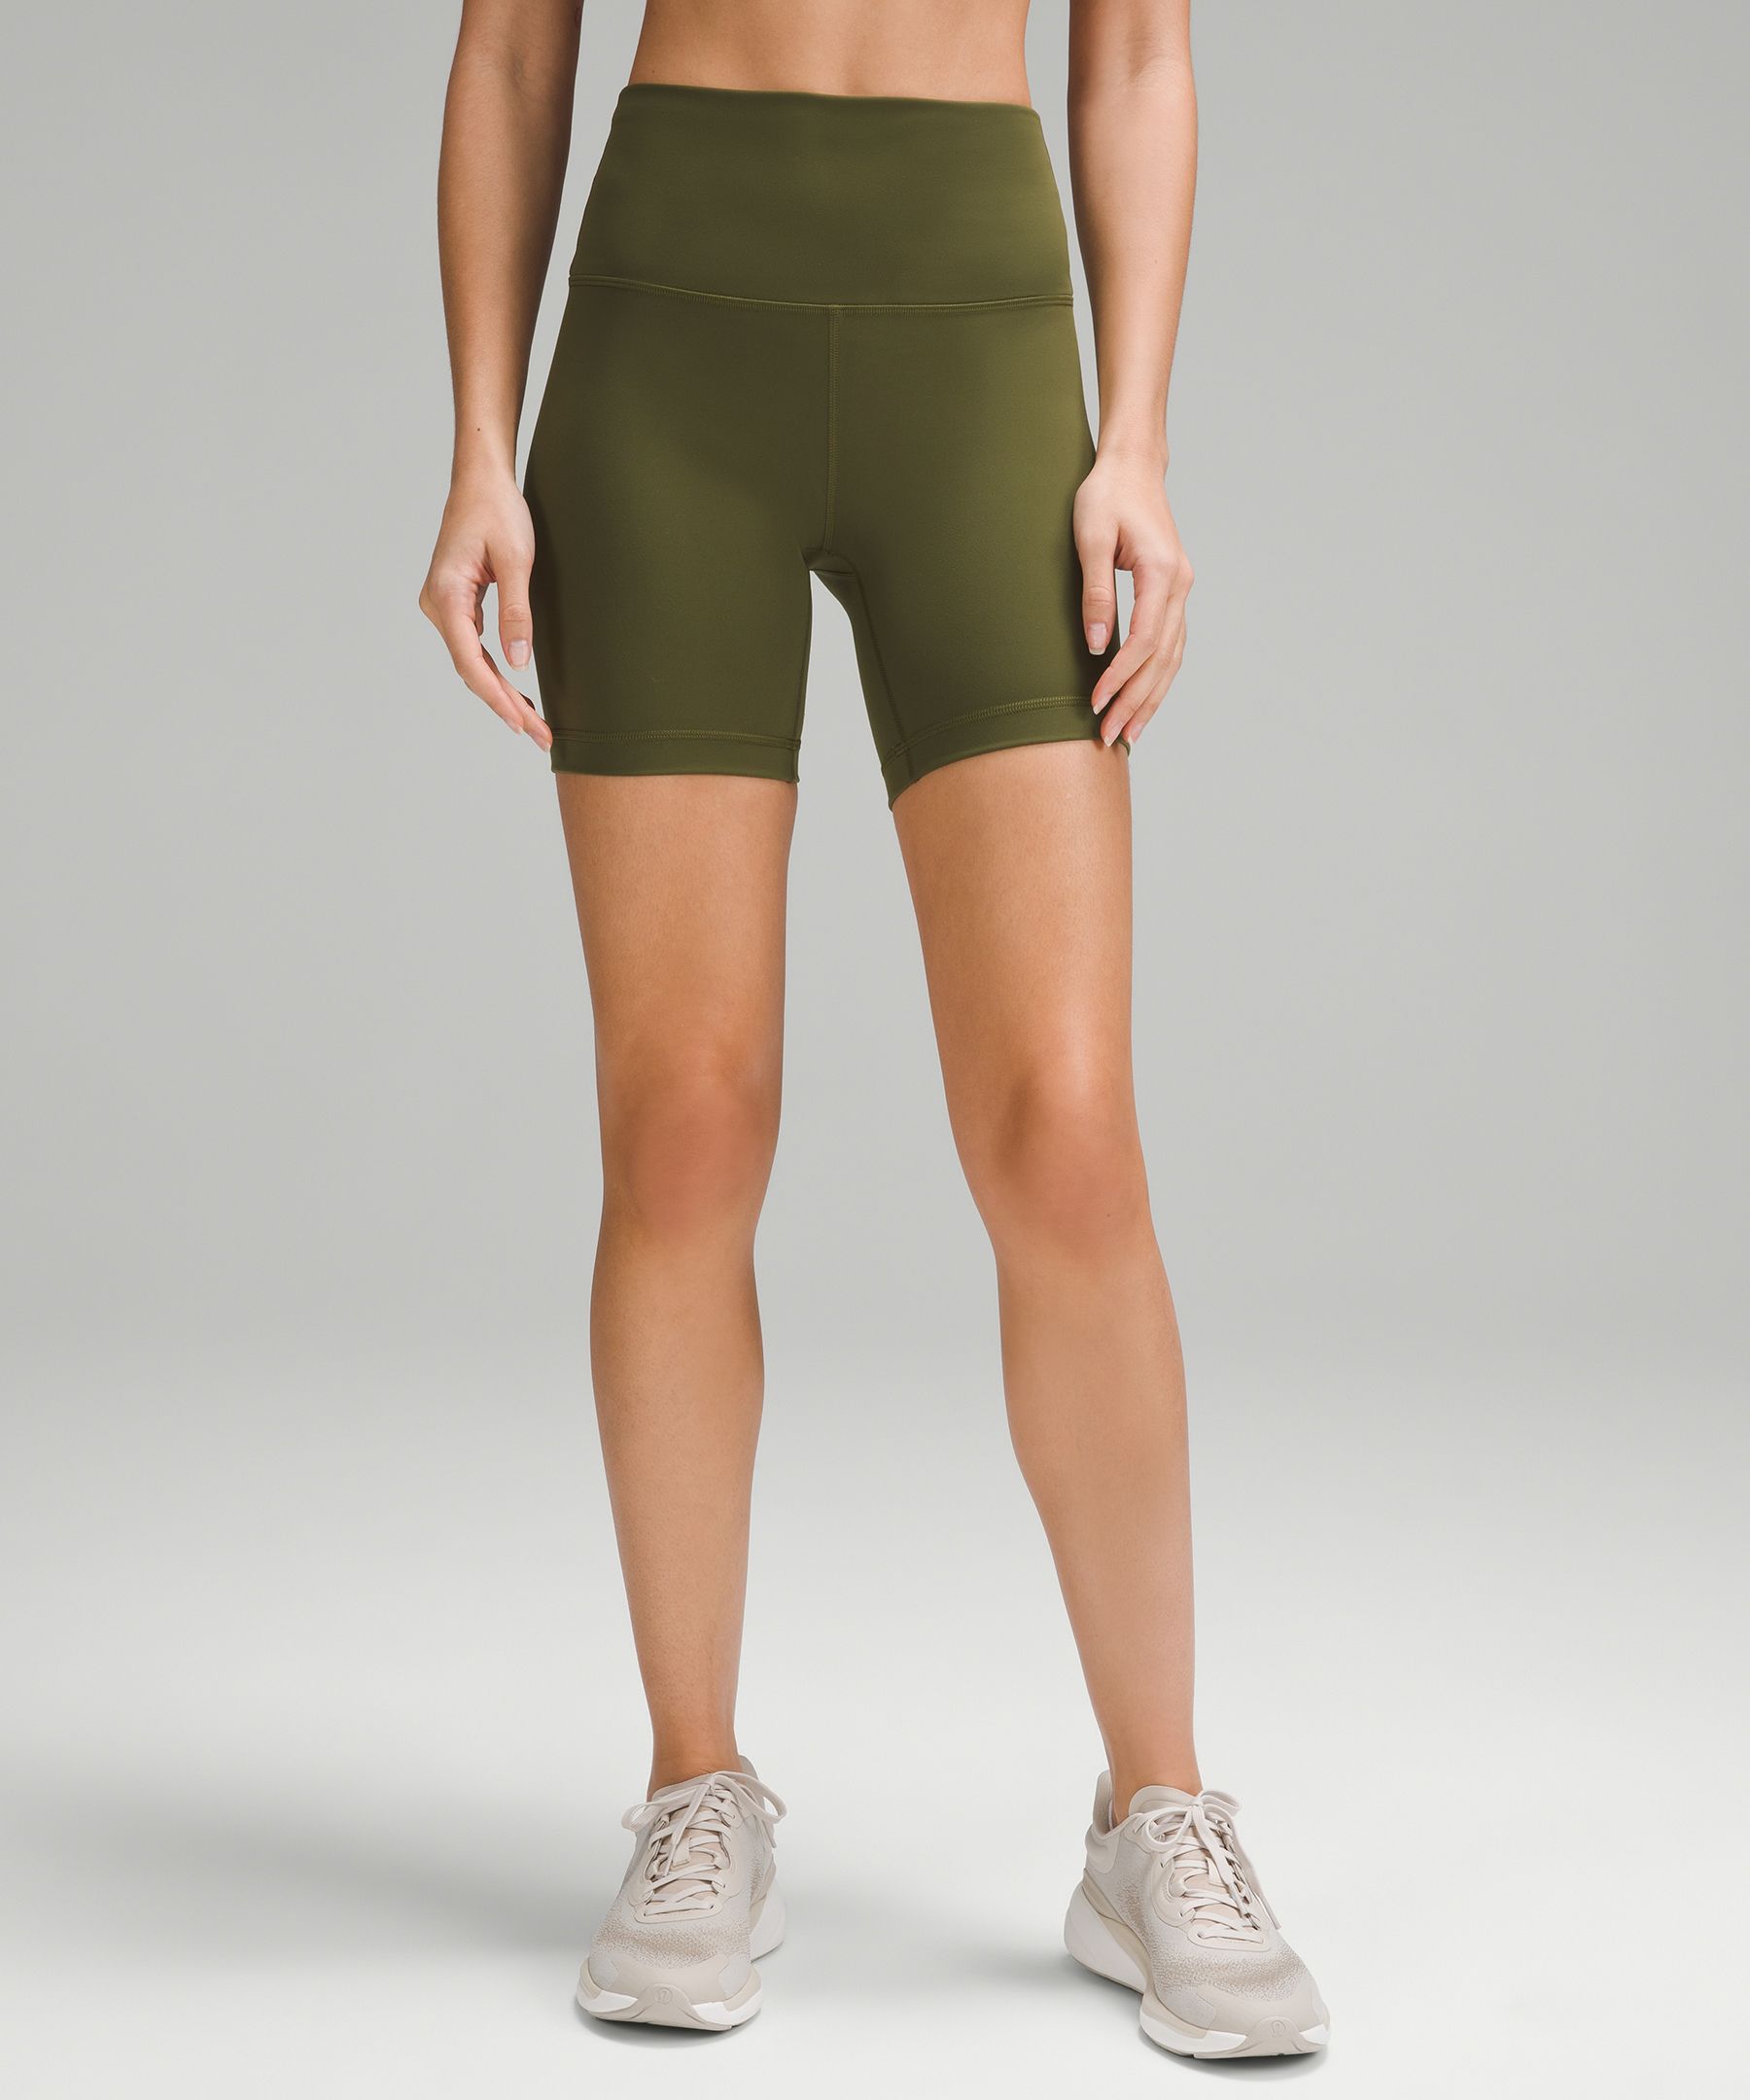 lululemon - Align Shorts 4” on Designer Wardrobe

▬▬▬

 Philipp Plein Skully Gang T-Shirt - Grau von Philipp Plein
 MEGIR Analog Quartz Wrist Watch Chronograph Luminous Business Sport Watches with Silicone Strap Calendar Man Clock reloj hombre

▬▬▬

→ Activity
Only the lines above from the one with "Philipp Plein Skully" through the one with "MEGIR Analog Quartz" should be duplicated, character for character.

→ Expected output
 Philipp Plein Skully Gang T-Shirt - Grau von Philipp Plein
 MEGIR Analog Quartz Wrist Watch Chronograph Luminous Business Sport Watches with Silicone Strap Calendar Man Clock reloj hombre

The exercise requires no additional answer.